Another test problem used for free surface case is the collapse of water column over a dry bed. This problem was first studied and used as benchmark by the developers of SOLA-VOF (Nichols et al. [4]). It is a very useful benchmark providing extreme conditions to assess the numerical stability as well as the capability of the model to treat the free surface problem. In this test, a square computational domain with a length and height of 22.8 cm is set. A water column with the width of 𝐿=5.7 cm and height of 2𝐿 is assumed at the left-hand side of the computational domain surrounded by walls with no-slip boundary condition. The spatial step sizes in the horizontal and vertical direction are Δ𝑥=Δ𝑦=0.1×𝐿. The comparison of the computed results using present methods with the experimental data given by Martin and Moyce [29] is shown in Figure 11. In this figure, 𝑋 is the location of wave front in time 𝑡. It is seen that the developed models passes this test successfully as the calculated result are well agreed with experimental data.

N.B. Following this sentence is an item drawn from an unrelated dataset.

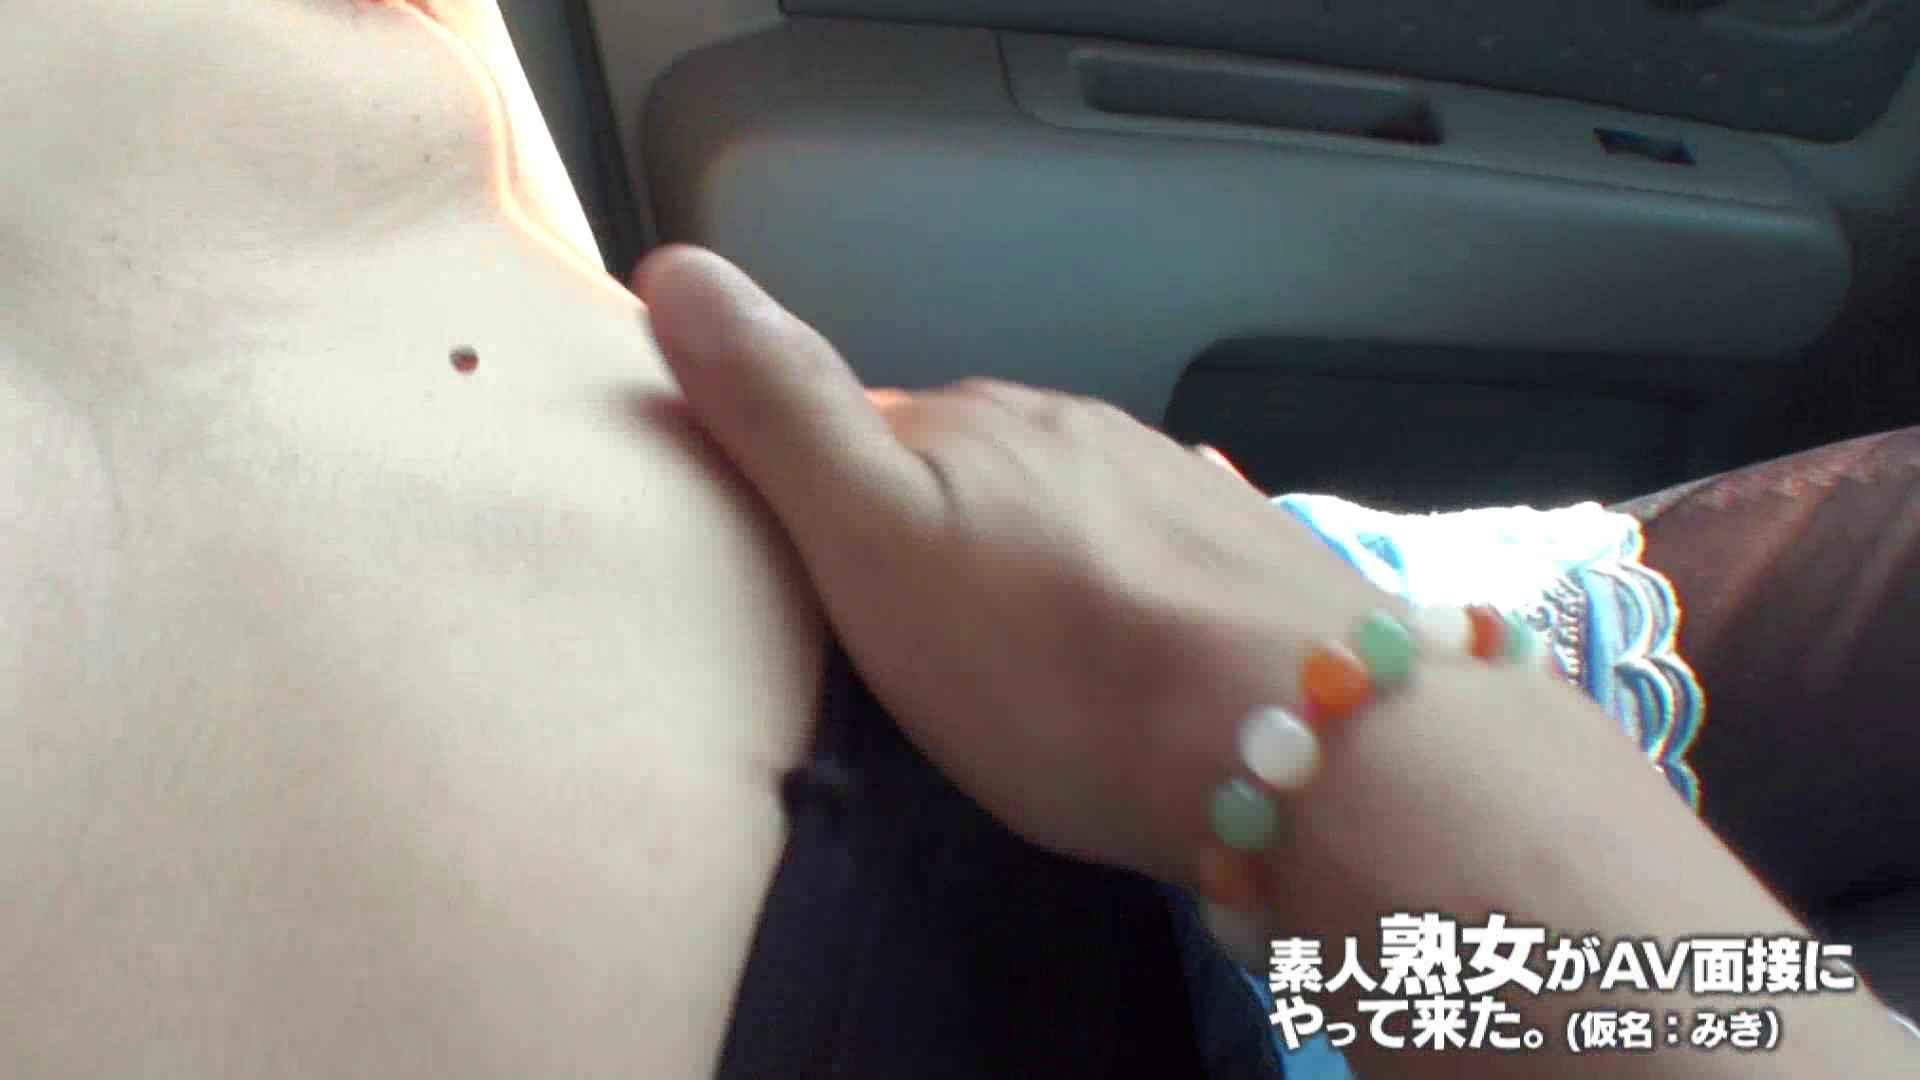 素人熟女がAV面接にやってきた (熟女)みきさんVOL.02 車 | 熟女の裸体  84画像 57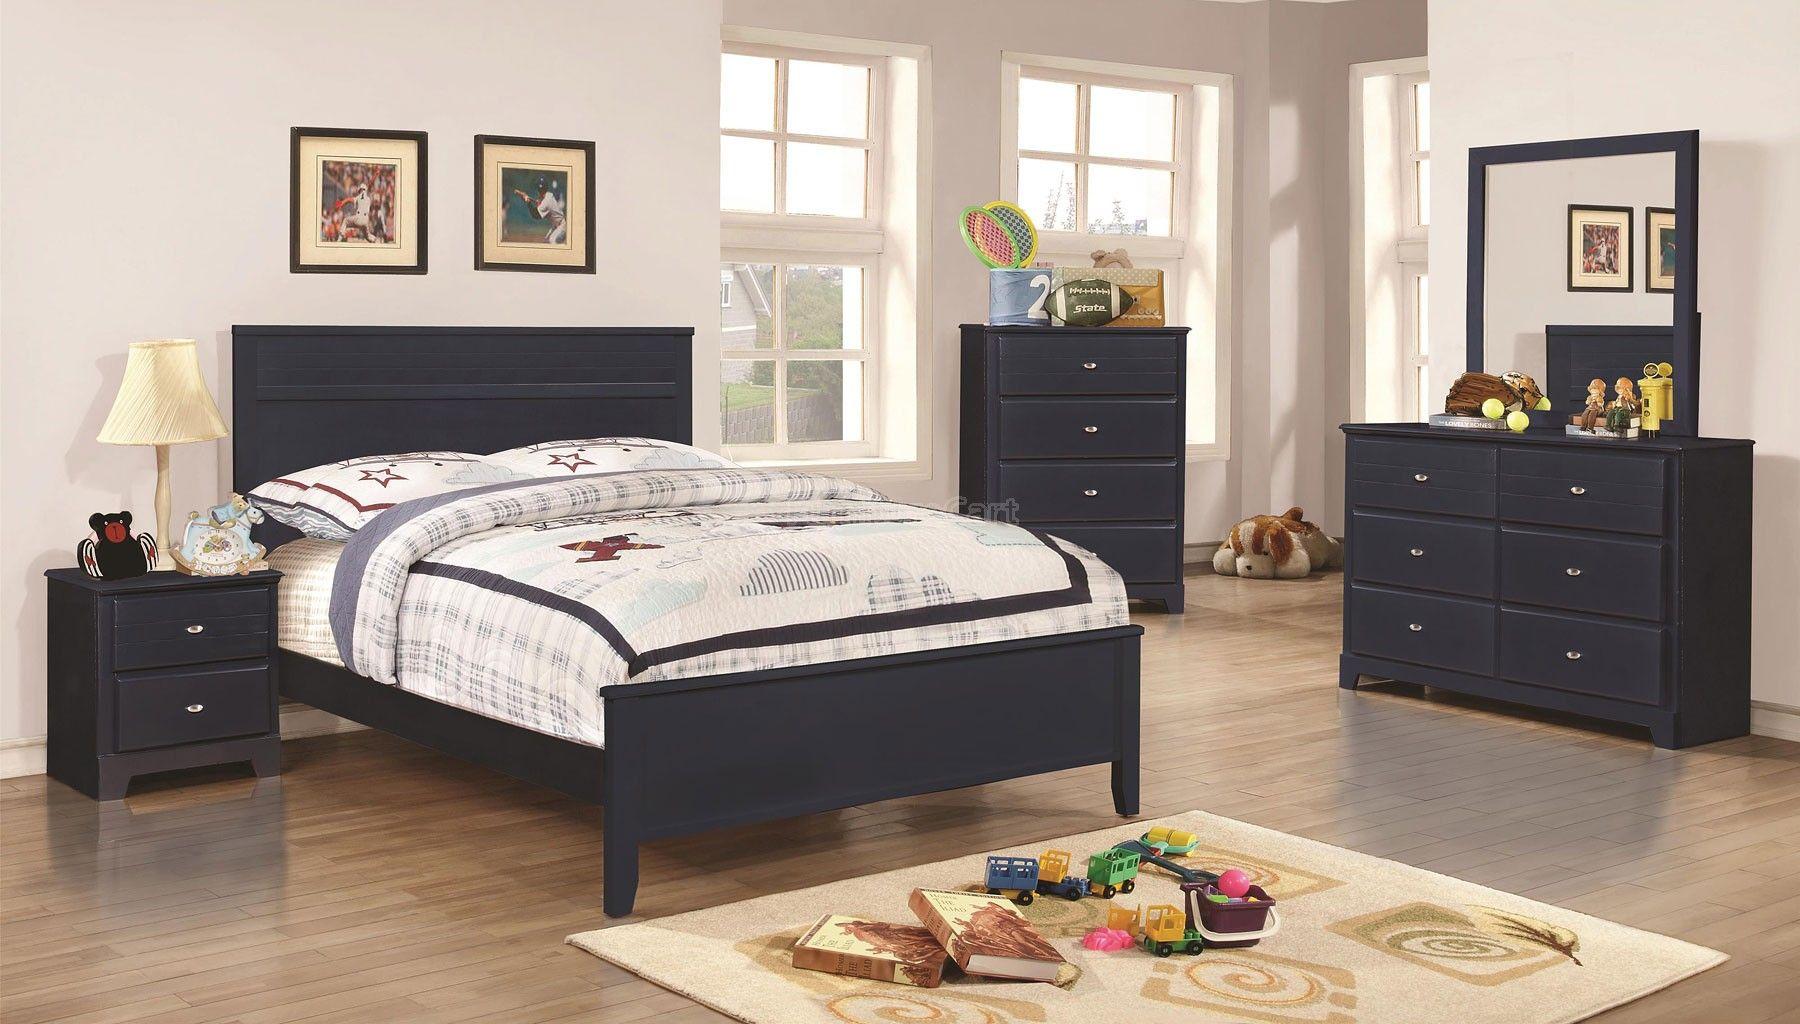 Ashton Youth Bedroom Set Navy Coaster Furniture Furniture Bedroom Set Blue Bedroom Furniture

To compare the results of different VOF algorithms, two error criteria as sum square error (SSE) and sum absolute error (SAE) are used. The results are summarized in Table 3.

6. Discussion and Conclusion

In this paper, modified Youngs’ VOF algorithm denoted by MYV method is presented. In Youngs’ VOF algorithm, for staggered grids fluxes to neighboring cells are estimated based on cell face velocities. However in practice, these particles have a variable velocity between velocities of two adjacent cell faces. In the developed model, the velocity in mass center of fluid cell is estimated and used to calculate fluxes from cell faces. To validate the modified model, a serious of standard tests such as Lid-driven cavity, Sloshing problem, constant unidirectional velocity field, Shear test, and Dam break over a dry bed was carried out. The results showed that in some cases such as Constant, unidirectional velocity field, geometric shape of the translated hollow square in modified model has not been improved comparing with original one. It is due to the constant velocity field leading to equal velocities of mass center and cell faces in this physical problem. In some other cases such as Shear test, the modified model improves the results especially for coarse grids. In Dam break test, present method improves the results dramatically. Therefore, based on these results, the MYV method is suggested as a new VOF algorithm which models the free surface problems more accurately.